I’ve been looking on and off for months to find statistics bearing out the crisis that Treasury Secretary Hank Paulson announced back in October. If you recall, the crisis was kicked off by a quarterly readjustment of financial institutions’ books that were forced by Sarbanes-Oxley rules to reflect the badly depressed foreclosure values of mortgages. Other regulatory rules forced these same companies to find sources of loans to cover the deficits created by re-valuing the mortgage assets. They couldn’t get the loans — too much was needed too quickly, and there was every reason to expect the troubled financials to default in any case — and a bunch of them closed their doors, or sold themselves to bigger institutions.

Allegedly, the fear created by the revaluing of mortgage assets and the resulting collapses of major financial institutions made it impossible for businesses to obtain loans to do their daily business.

This all makes sense. The problem is, it’s pretty nearly impossible to see any of this in the statistics that have been published since. Skeptical observers should be asking why not.

The first indication came in a skeptical article published earlier this month by the American Institute for Economic Research. Titled “The Financial Crisis and Business Loans: The Credit Crunch That Isn’t,” the article by Dr. Richard Ebeling, a distinguished economics professor, claims that while banks have been tightening their credit-worthiness assessments, they have only slowed the growth of loans to businesses, not reduced them at all:

The impression of a financial sector that has ground to a halt, however, is not born out by the facts. To the contrary, lending and borrowing have continued to grow in America, albeit at a lower rate of growth all through 2008.

Banks have used a large portion of the Federal Reserve’s expansion of the monetary base (up 70 percent since July) to shore up balance sheets. But they have not “rebalanced” their balance sheets through any noticeable decrease in commercial and industrial lending.

At the time, I criticized the article because it only reported figures through the end of the 3rd Quarter of 2008, missing the actual credit collapse in October. That was all that was available at the time. However, Dr. Ebeling was correct at least in noting that the reports of tightening credit through the summer seemed to have been badly exaggerated.

Today, I checked the current figures from the Federal Reserve for business loans, and they continue to bear out Dr. Ebeling’s skepticism. I’ve included a reduced chart of commercial and industrial loans from banks in the US through mid-January 2009 below. The bottom line is large banks only; the top line is all banks. Click to enlarge.

As you can see, loans to commercial and industrial customers have been dropping since September, but are still well above the trend line beginning near the end of 2007. The big bulge in September and October represents the Fed’s increase in the money supply that I reported a couple of days ago, and possibly also the first round of TARP funds insofar as they went to financial institutions.

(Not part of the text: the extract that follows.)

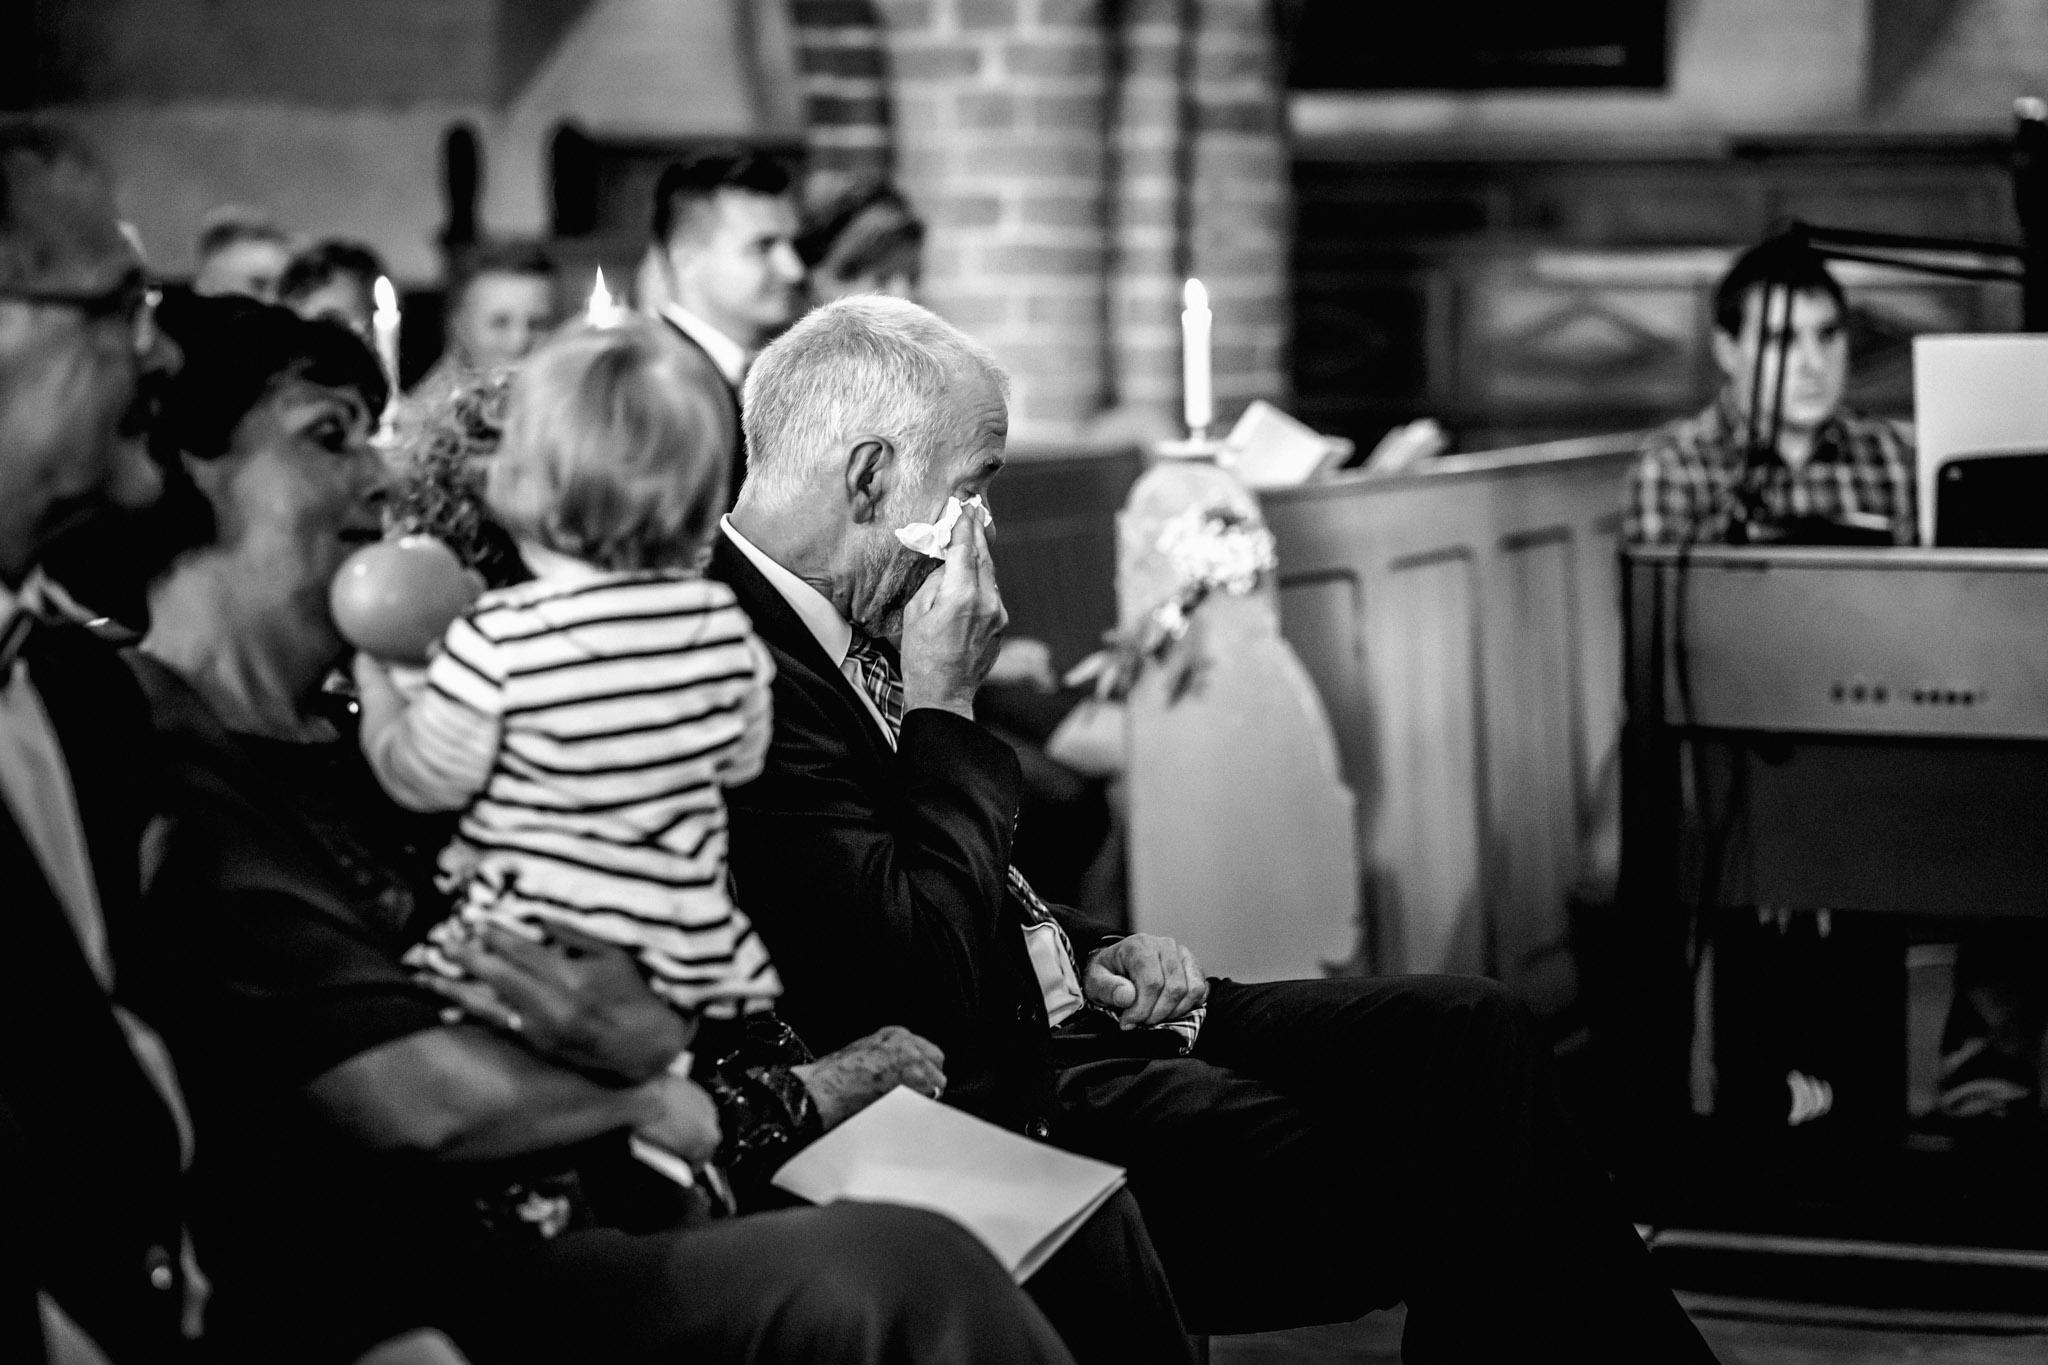 Sven Schomburg Hochzeitsfotografie, Hamburg, Mölln, Hochzeitsfieber by Photo-Schomburg, Hochzeitsreportage, Forsthaus Waldhusen, Braut, Bräutigam-42

Dr. Ebeling observed that a lot of the new money went to “shore up balance sheets.” What that means is that the banks took their infusion of funds and used them to pay off their own debts to other banks. Those other banks then took the money and paid down their debts, and so on. The result would be that a lot of banks are in better financial condition than they were at the time, and won’t go out of business. They would not have loaned more money to customers based on this infusion of money, but neither would they have loaned less.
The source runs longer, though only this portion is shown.